Waiting for a method to signal it is done before launching it again

I am making a visualization in C# where there are a lot of gamemove related ‘actions’. An action can be ‘walk to’, ‘say to’ or ‘pick up’ etc etc. If the story I want to visualize goes like this for example:

  • Player walks to NPC1.
  • Player says to NPC1.

In this case i obviously want the first action (sentence) to be completed before starting the second one. My code looks as follows:

    void Update () {
        parseScenario ();
    }

The definition for the parseScenario function is the following: (small theoretical background (since the implementation is a bit different): entry is a list which contains a number of gamemoves (sentences) to complete. Look at this like a parent list, since each of these lists can contain a number of other gamemoves (sentences) to complete, this is indicated by a _next field which is the next one to do)

  public void parseScenario () {
        foreach (string e in entry) {
            parseEntryLine(e);
        }
    }

The parseEntryLine method looks like this:

public void parseEntryLine (string gm_label) {
        currentGM = findGameMoveByLabel (gm_label);
        if (currentGM.isBrick ()) {
            //Interprete it and perform the animation for it
            animateExpr(currentGM);
  
            //Check if it has a next
            if (currentGM._next != null) {
                parseEntryLine (currentGM._next);
            }
        }
    }

And the animateExpr method is just a function which contains a really big switch statement. Based on what the contents of the ‘action verb’ is, I start a method which performs the action in here.

Now the problem is that obviously when I run it like this the entire story just gets executed immediately.

I cannot figure out how to wait for an action to complete before starting a new one.
Please note that these actions do not have a fixed timespan. (Some require input from the player as well).

I hope the question is clear, if not please ask me to make it more clear.

The simplest way I know is to set a bool while something is happening and then test for it with a coroutine every half second or whatever.

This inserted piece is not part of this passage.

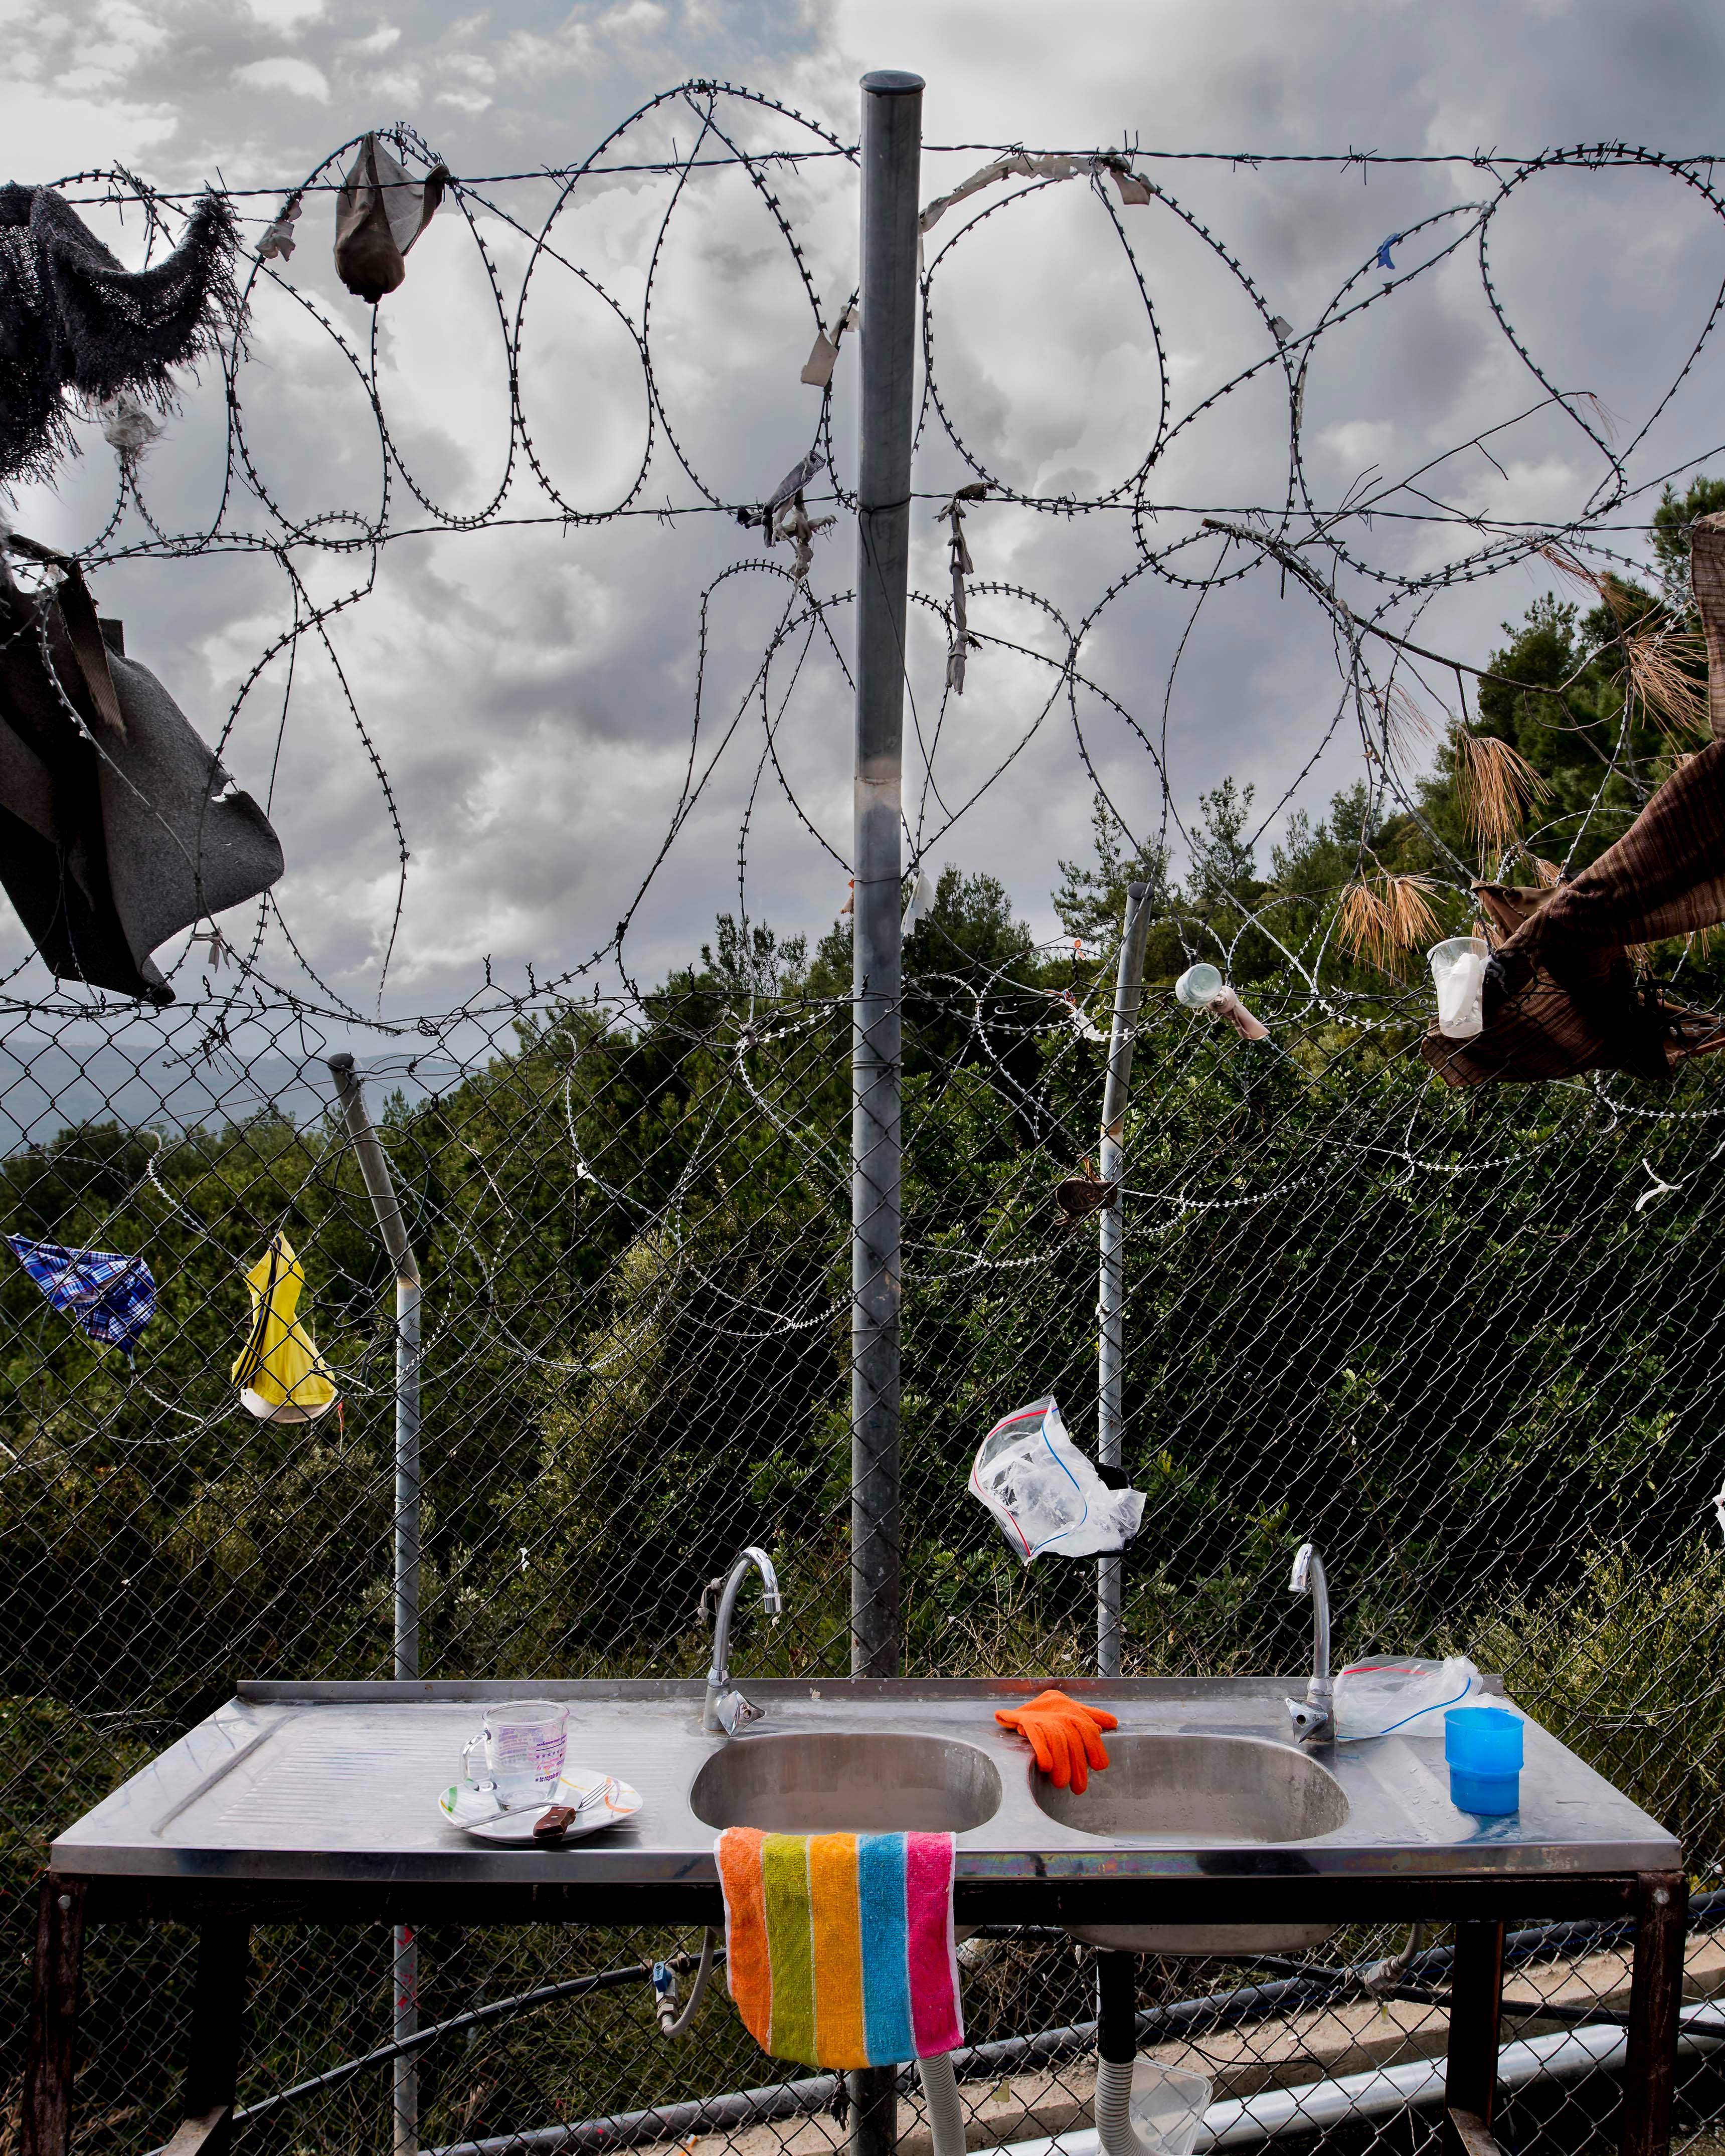 Un an aux côtés des migrants vu par l'artiste photographe Bruno Fert
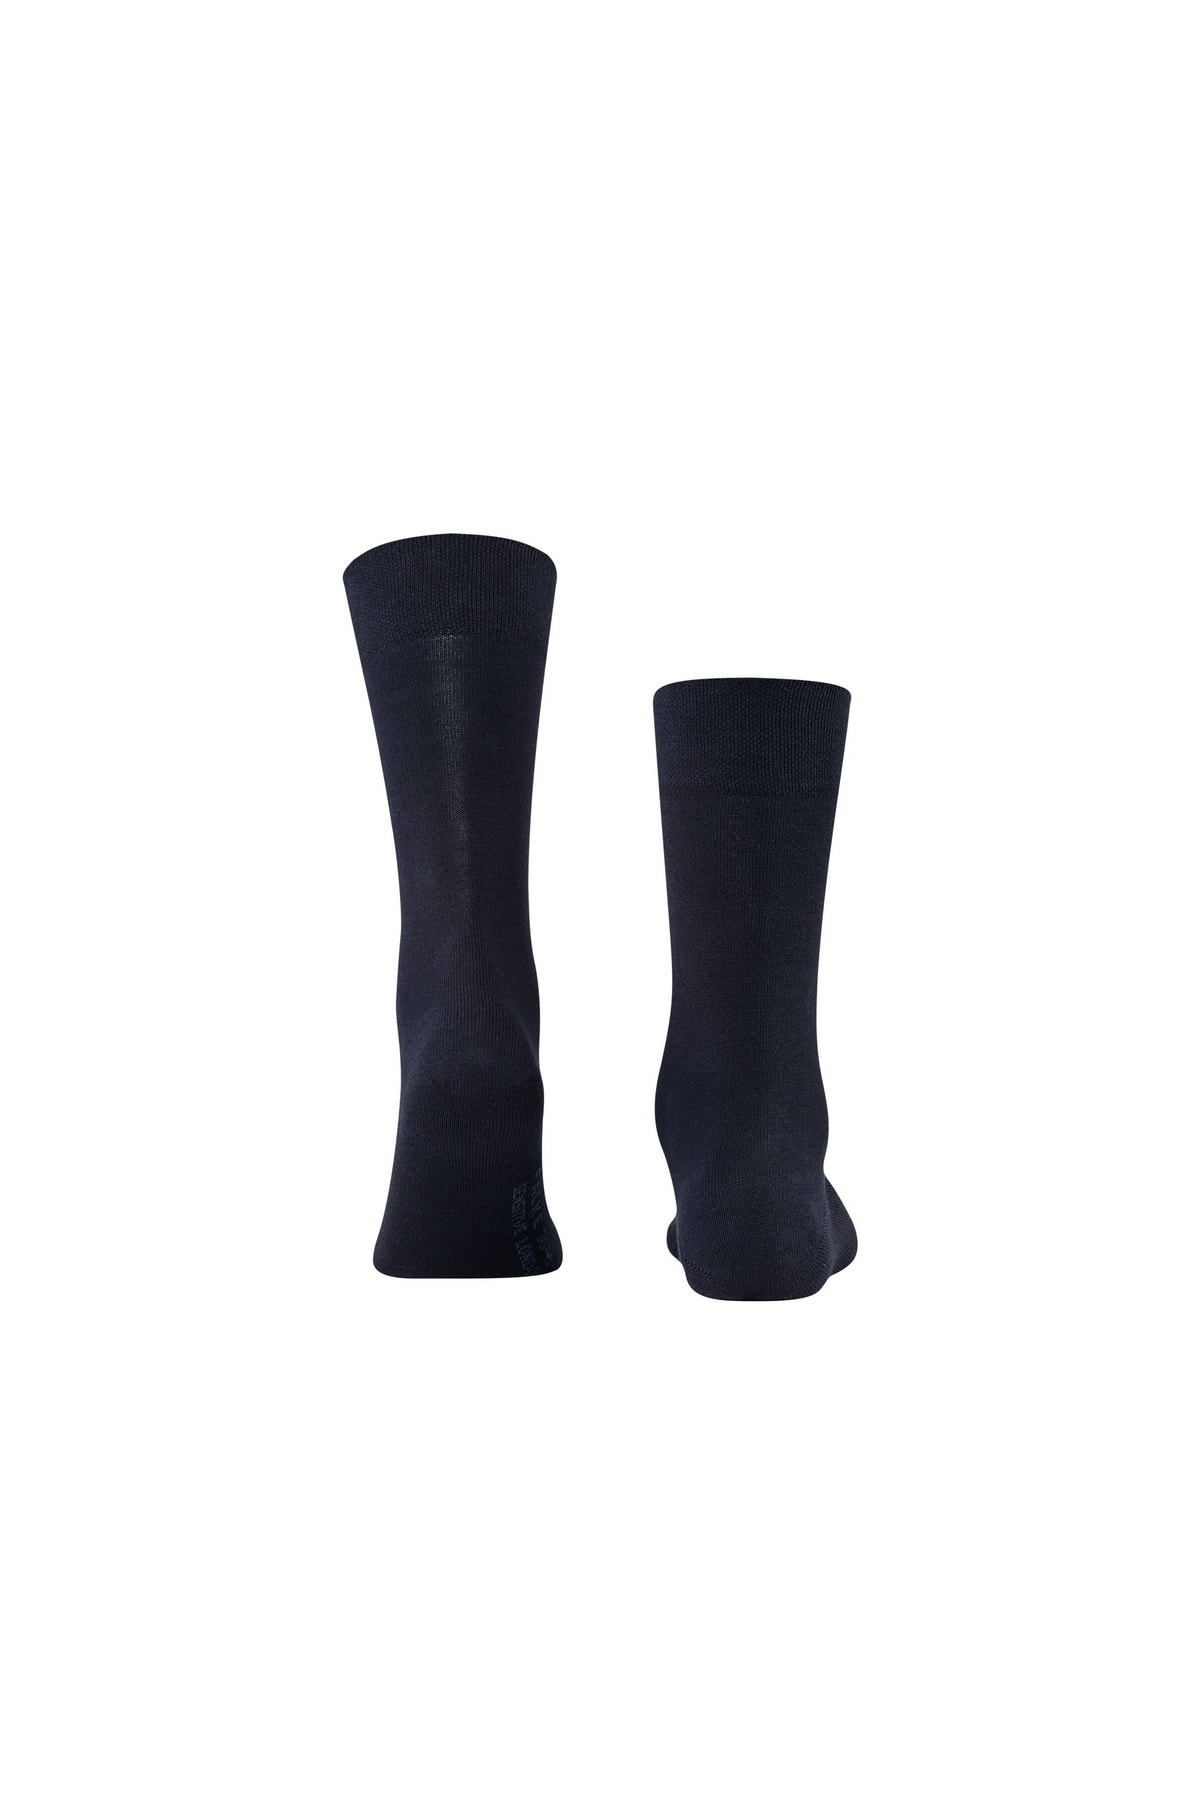 FALKE Socken Grau Casual für Herren - 43-46 Hersteller: Falke Bestellnummer:

Some things, like animations, already have a “isplaying” property, same with sounds, otherwise you need a trigger of some kind.

You should use coroutines.

public IEnumerator parseEntryLine (string gm_label) {
        currentGM = findGameMoveByLabel (gm_label);
        if (currentGM.isBrick ()) {
            //Interprete it and perform the animation for it
            yield StartCoroutine(animateExpr(currentGM));
            //Check if it has a next
            if (currentGM._next != null) {
                parseEntryLine (currentGM._next);
            }
        }
    }

And your animateExpr should be a coroutine which executes the animation and wait until it finishes.

Thank you for your answer Sbizz, I read about coroutines but I did not know if that is what i needed or not! What are the changes required in the animateExpr function to make this work?

It needs to return an IEnumerator, the same way Sbizz has written the parseEntryLine

I don’t know what you’re doing in your function, but something like this:

public IEnumerator myFunction() {
myAnim.play()

    while (myAnim.isPlaying()) {
        yield return null;
    }
}

Kind of pseudo-code; you play your animation and the loop condition checks if the animation is still playing. If it does, you ask to Unity to “come back inside the scope” the next frame (“yield return null”). DO NOT try to loop without a yield statement, you will crash Unity. You can break a coroutine with “yield return break;”.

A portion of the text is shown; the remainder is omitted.